- The paper introduces a Hierarchical Structural Causal Model (HSCM) to capture causal dependencies across group and unit levels, handling unobserved confounders and nonlinear functions.
- It employs a modular approach leveraging CAM for separate estimation of causal structures at multiple hierarchical levels, validated via detailed simulation studies.
- The methodology is applied to agricultural data, providing insights into genotype and environmental interactions influencing maize and winter wheat yields.
Hierarchical Causal Structure Learning: A Detailed Overview
Introduction
Understanding causal relationships in complex hierarchical systems is essential for addressing scientific and practical challenges. The paper "Hierarchical Causal Structure Learning" (2511.20021) presents a methodology for learning causal structures in hierarchical data, which involves variables measured at different levels, such as unit-level within groups. Utilizing a structural causal model (SCM) framework, this approach accounts for unobserved confounders and introduces a method to handle grouped and nested data using nonlinear causal models.
Hierarchical Structural Causal Model (HSCM)
The Hierarchical Structural Causal Model (HSCM) introduced involves a framework to capture causal dependencies across both group-level and unit-level variables. The model structure accommodates unobserved group-level confounders, allowing for a more flexible representation of complex interaction patterns often seen in real-world phenomena.
Figure 1: Example of a DAG corresponding to a HSCM with two observed group-level variables, one unobserved group-level confounder, and three unit-level variables.
The HSCM is formulated using equations that define the relationship between observed group-level variables Z, unobserved group-level confounders U, and observed unit-level variables X. The model assumes additive noise and nonlinear causal functions to ensure identifiability, following practices from existing SCM literature. Extensions to HSCM include consideration for group-specific relationships and additional grouping factors, enhancing the model's applicability across diverse datasets.
Causal Structure Learning
Learning the causal structure in hierarchical models leverages existing methodologies designed for single-level SCMs. The proposed method utilizes the CAM approach to estimate causal relationships at both the group and unit levels separately. This modular approach allows for the reliable detection of causal dependencies, even in the presence of confounding factors.
Figure 2: Computation time for the proposed method in minutes. The colors represent different numbers of groups.

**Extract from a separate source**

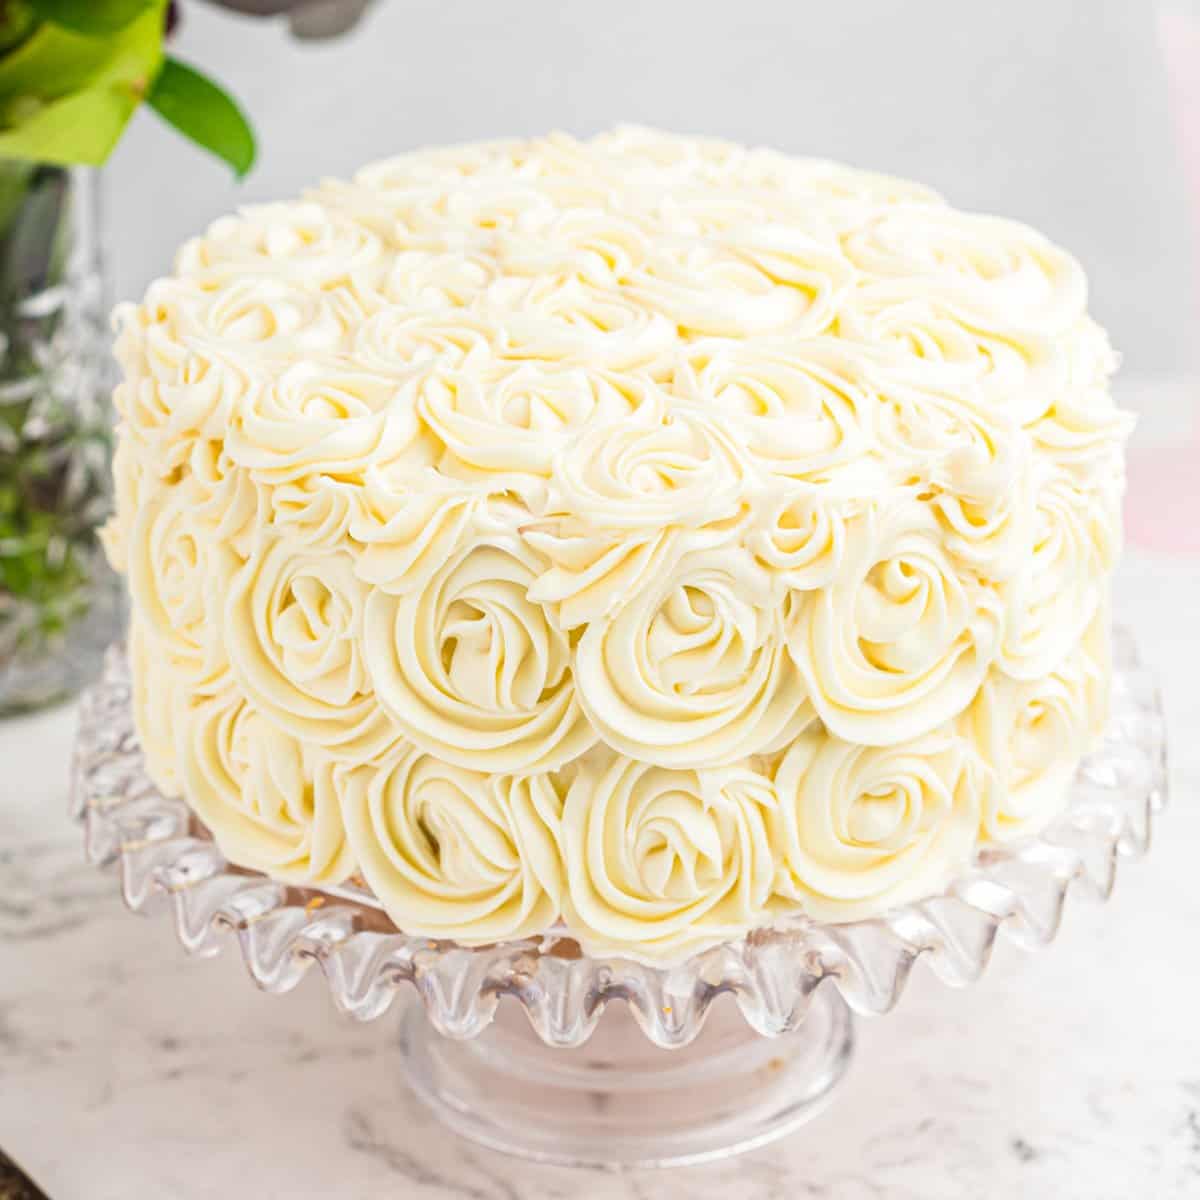 Easy Homemade Wedding Cake - Easy Dessert Recipes
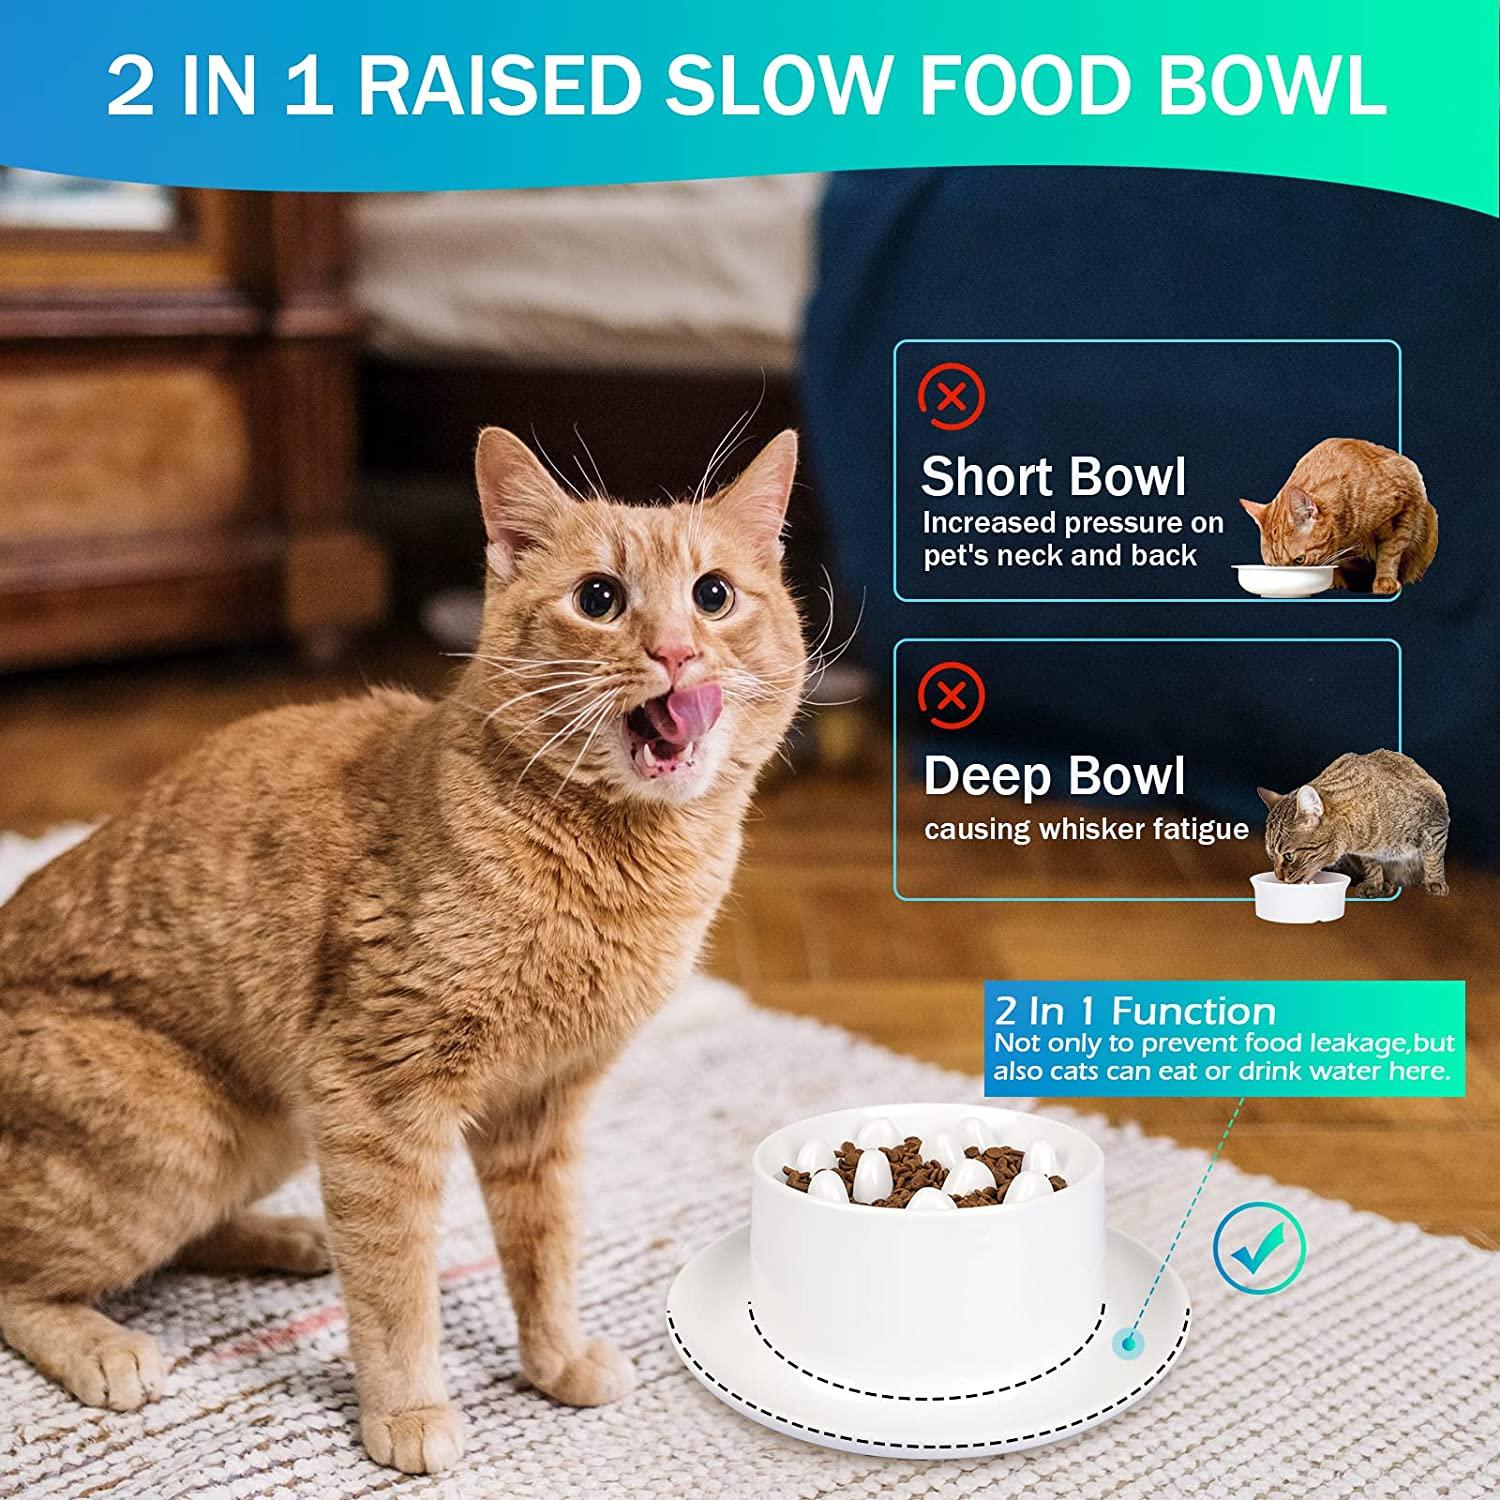 SpeedyPet Interactive Dog & Cat Slow Food Puzzle Feeder

The learning procedure is robust to various extensions, such as unobserved unit-level confounders and group-specific functions. The paper outlines a systematic algorithm for estimating causal structures, detailing each step of the process from preliminary neighborhood selection to significance testing.
Simulation Study
A comprehensive simulation study validates the proposed HSCM framework. Various settings were considered, involving different numbers of groups and unit-level observations. Metrics such as Structural Hamming Distance (SHD) and root mean squared error (RMSE) were used to evaluate the accuracy of the estimated causal structure and functions.
Results from these simulations demonstrate the method's efficacy across varying complexity levels and data sizes, highlighting the importance of sufficient sample sizes for accurate causal inference.
Applications on Maize and Winter Wheat Data
The methodology was applied to real-world agricultural datasets, showcasing its practical utility. The estimated DAGs for maize and winter wheat provided insights into the causal factors influencing yield, demonstrating typical findings in agricultural research concerning genotype and environmental interactions.

Figure 3: Maize DAG
Figure 4: Estimated effect of plant height on yield
In the applications, yield was identified as a trait influenced by several variables, both at the unit and group levels. This aligns with established knowledge in agronomy and emphasizes the model's capability to uncover intricate causal networks within nested data structures.
Conclusion
The "Hierarchical Causal Structure Learning" paper advances causal discovery methodologies by developing a flexible framework to address hierarchical data's complexities. The HSCM model contributes significantly to fields reliant on nested structures, enabling more accurate interpretations of data.
Future research could explore the model's extension to dynamic systems, examine theoretical properties under relaxed assumptions, and assess computational aspects for high-dimensional data. Additionally, applying this methodology to other domains beyond agriculture can substantiate its generalizability and effectiveness in diverse applications.